Phase 2 — 70-case catalog bootstrap

Every benchmark now has an attack-surface.json. Generated by running bun run bootstrap:attack-surface --all against the repo:

62 cases populated with HTTP / web entries that surface successfully extracted (Express, Next.js, Django, Apollo-on-Express, Spring, Gin, …).
8 cases ship empty entry_points: [] per the D3 rule (with explanatory notes): APEX-011, APEX-016, APEX-026, APEX-037 (custom PHP / proxy / no-framework cases), and TM-APP-003, TM-APP-004, TM-APP-005, TM-APP-007 (gRPC / Lambda / non-HTTP infrastructure).
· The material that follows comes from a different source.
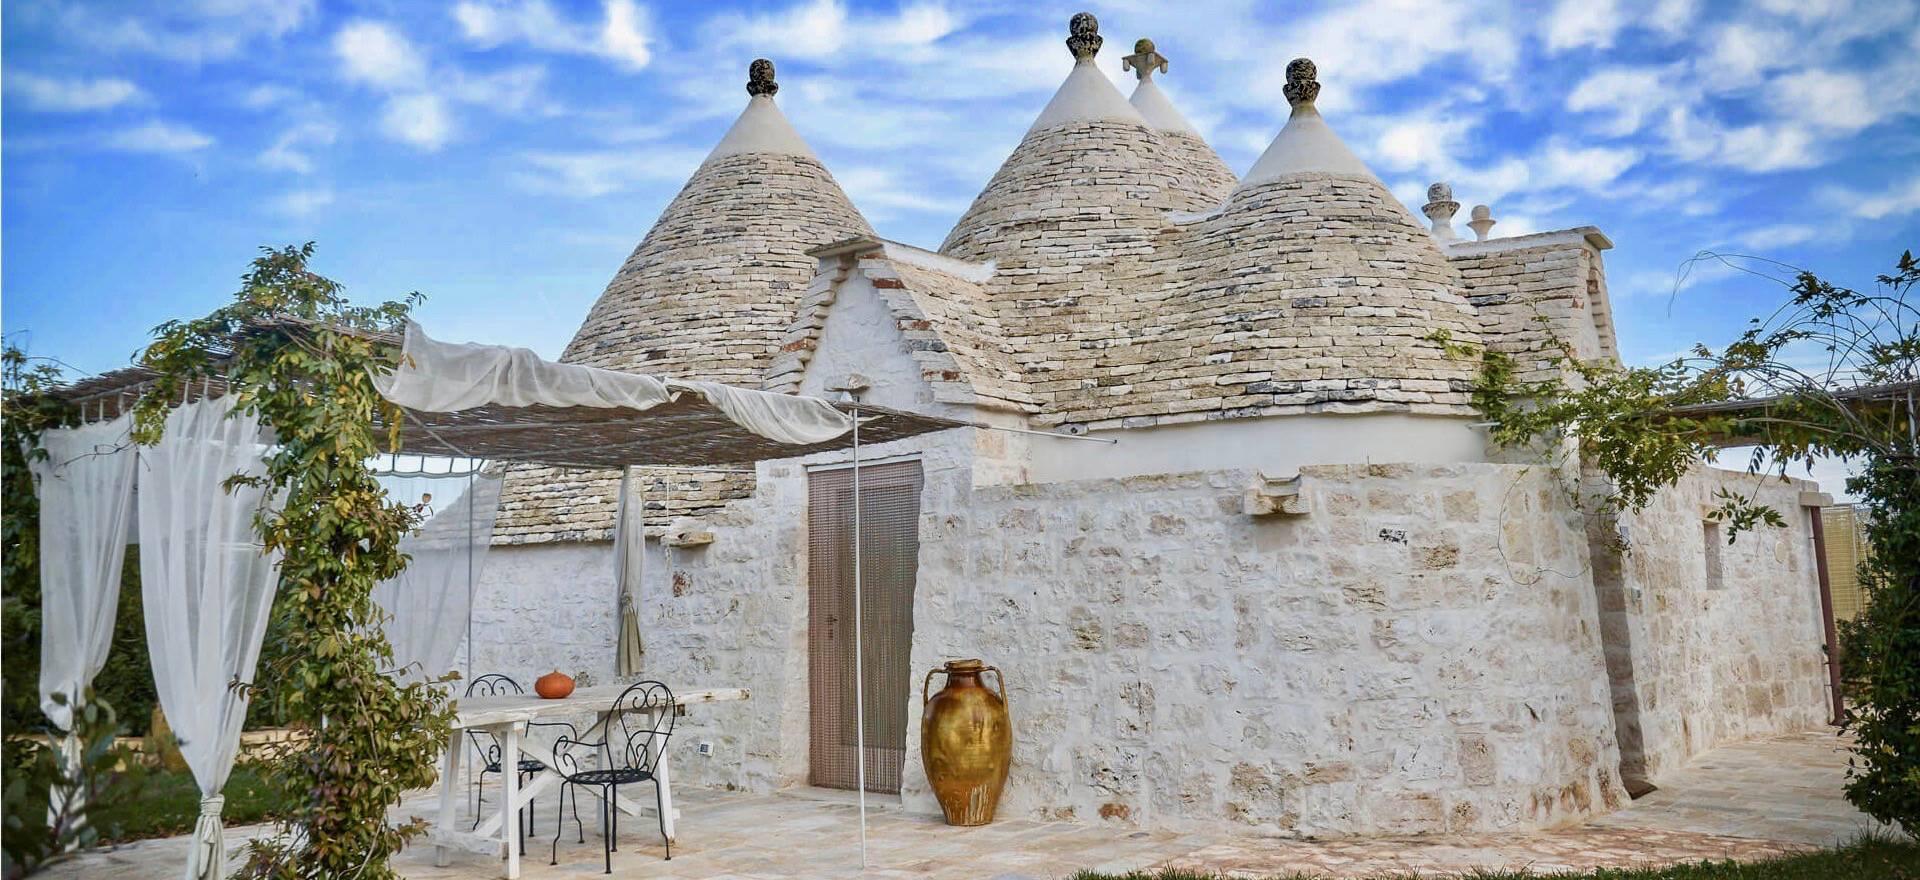 Agriturismo Puglia Zuid Italiaanse gastvrijheid in prachtige trulli

These are draft ground truth — schema-valid and source-traceable, not hand-verified. Curators re-run the bootstrap locally to see the per-case diagnostic line and identify gaps to fill (gRPC RPCs, GraphQL operations, Lambda triggers, cloud assets, custom-PHP routes).

CI status: bun run validate:attack-surface reports 70 valid · 0 missing catalog · 0 errors against the bootstrapped corpus.

Out of scope

This PR is argus-side only. The evalgate-side work (matcher kind dispatch, judge integration, suite expansion, submodule bump — phase 3 / T6–T9 in the design doc) lands in evalgate after this merges.

Verification

bun install
bun run validate:attack-surface           # 70 valid · 0 errors
bun run bootstrap:attack-surface --dry-run benchmarks/APEX-019-25
bun run bootstrap:attack-surface benchmarks/APEX-019-25 --force
bunx tsc --noEmit                          # types clean

Manually verified that the validator catches the four common failure modes:

wrong/missing canary
duplicate (kind, method-set, path) tuples
unresolvable file references
path not appearing in the cited file
empty entry_points with no rationale

Notes for reviewers

Per D5 (single PR), the schema, scripts, CI, README, and all 70 catalogs land together. Hand-curation of individual cases is intentionally a follow-up; the bootstrap's stdout diagnostic line is the curator's TODO list for that case.
The bootstrap drops surface's noise handlers (req, res, <anonymous>) so handler only carries genuine names. Surface-emitted source paths are rewritten with the src/ prefix to match the catalog's "relative to benchmark root" convention.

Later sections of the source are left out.